散朝後,成楹出了皇宮,剛到東直門,車夫就為難地告訴她:“車輪壞了,剛剛派人回侯府換新馬車,一時片刻趕不過來,還請侯爺稍侯片刻。”
成楹點了點頭,沒有責怪車夫。現在是夏初時節,太陽雖悶熱卻熾烈,不多時就能將人熱出汗。

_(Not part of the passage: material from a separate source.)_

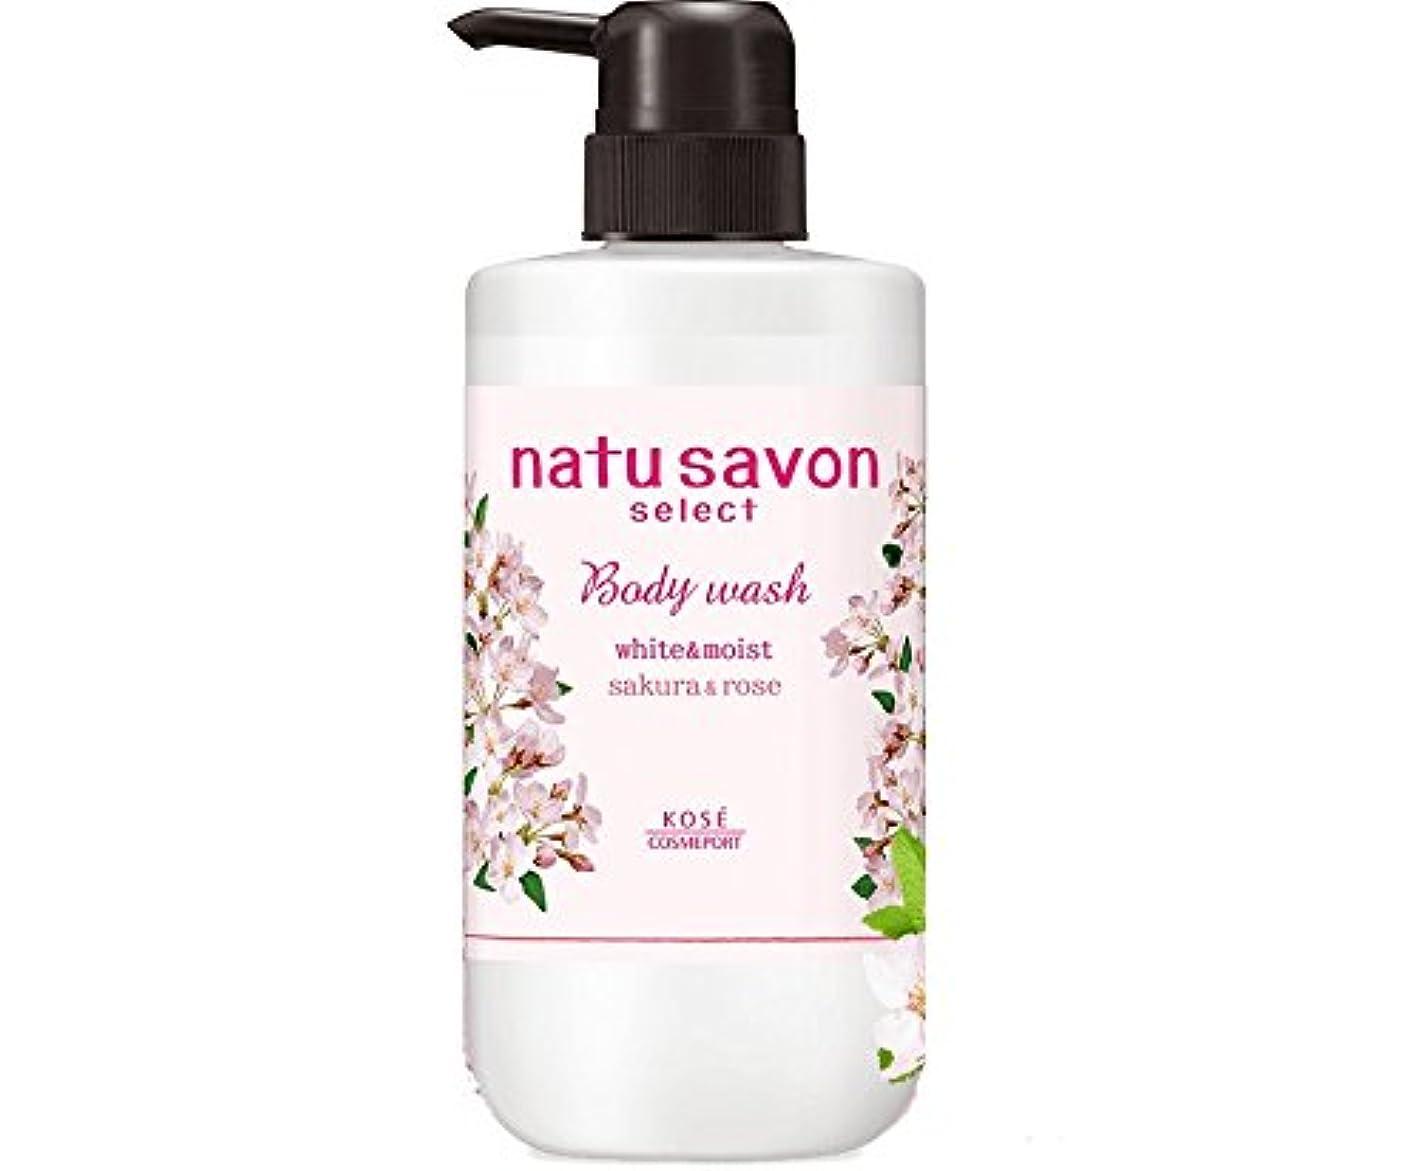 楽しむ反対に比較的ナチュサボンセレクト ボディウォッシュ ボタニカル桜の香り white&moist(数量限定品)

車夫愧疚地站在車旁汗流浹背,成楹的心思還停留在朝堂之上。
前幾日從青樓離開,還沒走到侯府,密探就將蕭瞻和蕭子瑜的身份摸了個一清二楚。
大虎小虎當時就哭喪起臉:“完了,我們動手打了太子!他肯定會報複主子的!”
成楹淡定地敲了敲她們腦袋:“慌什麽。”
其實她心裏也慌過一瞬。
不過瞬間便淡然了,事情已然發生,打了太子隻是個誤會,理在她們一邊,她站得住腳。
太子要想做點手腳,成楹是既來之則安之唄,所以今天早上在朝堂上,她跪得痛快且坦然。
傳聞中太子是個隻知風花雪月的草包,青樓匆匆一瞥,成楹暗道,果不其然。
但是今天朝堂一會,成楹發現大錯特錯。
不過無關痛癢敲打了幾句,就釣出好幾隻魚來。
思緒沉浮間,一輛王侯規格的車輿自宮裏出來,在成楹所在的馬車邊上停下,車簾掀起,馬車主人問:“車中可是靖寧侯?”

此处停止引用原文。